The situation can be traced back to multiple causes, including a near-disaster involving a 737 jet that led regulators to cap output at Boeing and engine issues at companies including Rolls-Royce.

But Airbus last week highlighted a more basic factor at the heart of the crunch: the industry is suffering from what amounts to a severe case of long Covid, following the exodus of tens of thousands of experienced personnel during the pandemic.

Three years after the last Covid-related curbs were lifted, manufacturers are still woefully short of veteran engineers and technicians, says Christian Scherer, head of commercial aircraft at Airbus.

“What the supply chain has suffered the most from is a loss of expertise,” he says.

“A lot of people, with years and years of accumulated expertise, that have taken early retirement or have redirected their professional activities elsewhere. That takes a lot of time to rebuild. That’s really the fundamental, deep problem.”

The supply chain crisis last year forced Airbus to revise an 800-plane delivery target to 770 after barely four months. In the event it handed over 766 aircraft, still almost 100 short of the number shipped in 2019.

Scherer insists Airbus will reach those pre-pandemic production volumes “in the foreseeable future,” while adding: “I’m not going to tell you when.”

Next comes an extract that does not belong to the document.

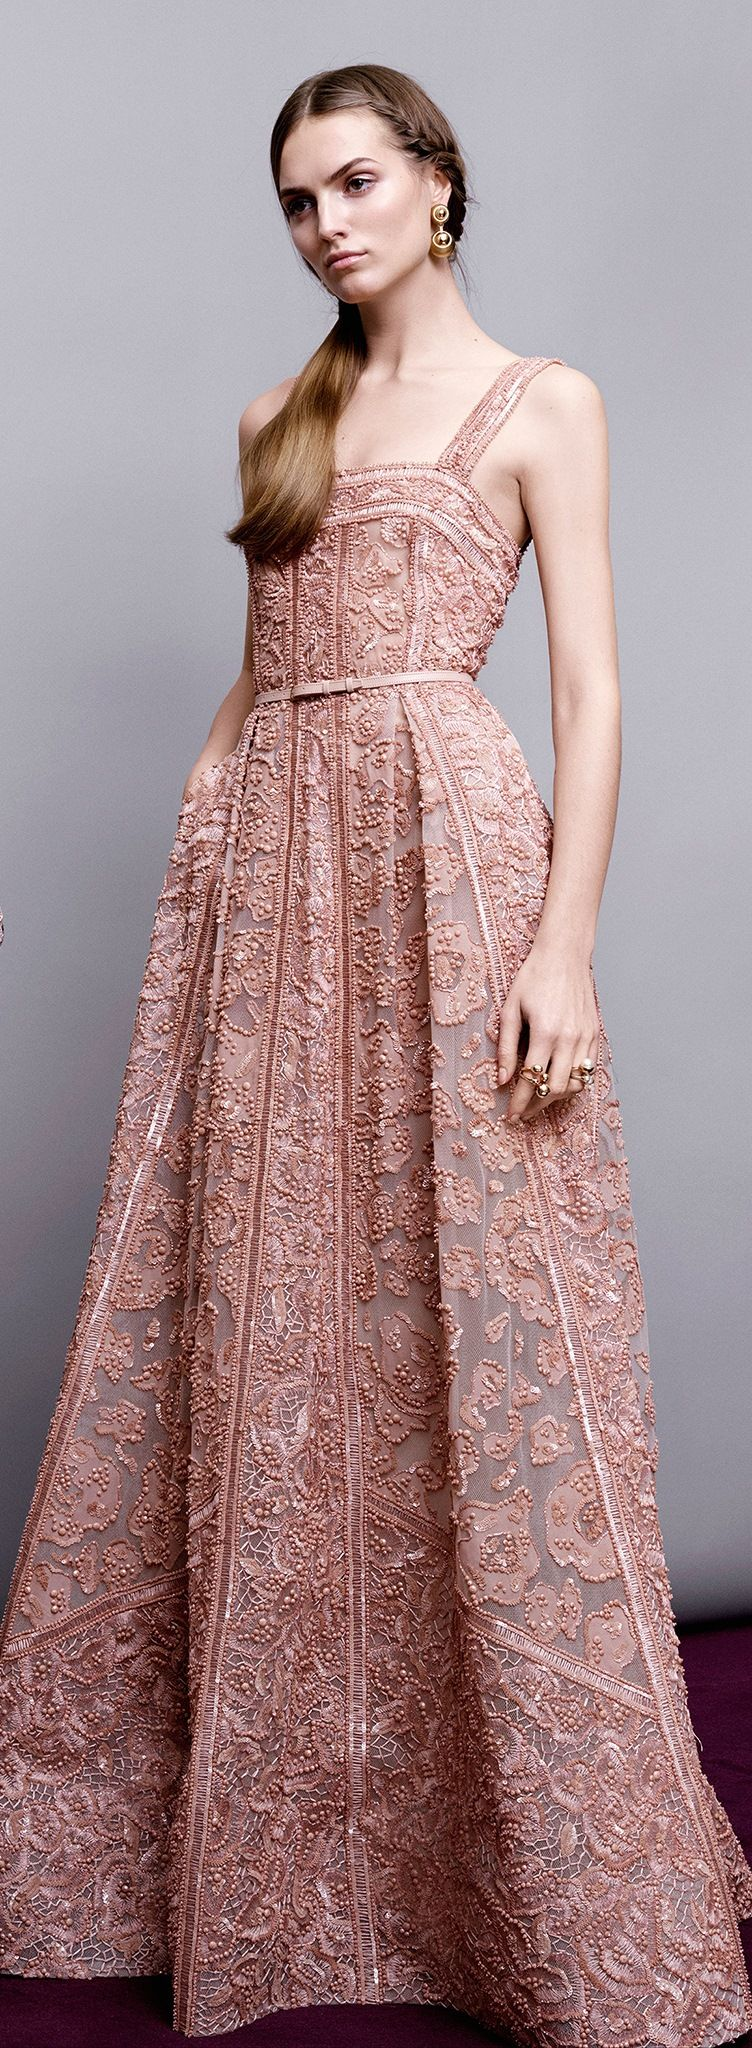 Elie Saab Pre-Fall 2015 | 01. Outfit & Look | Pinterest | Armario de ...

Boeing, meanwhile, revealed last week that it had delivered just 348 jets in 2024, down 180 on the previous year’s tally and less than half its pre-pandemic peak.

The US giant was plunged into crisis after a door plug blew out of an Alaska Airlines 737 Max at 16,000 feet last January. Subsequent checks revealed safety and quality-control issues across the supply chain, leading regulators to cap Max output at 38 planes a month.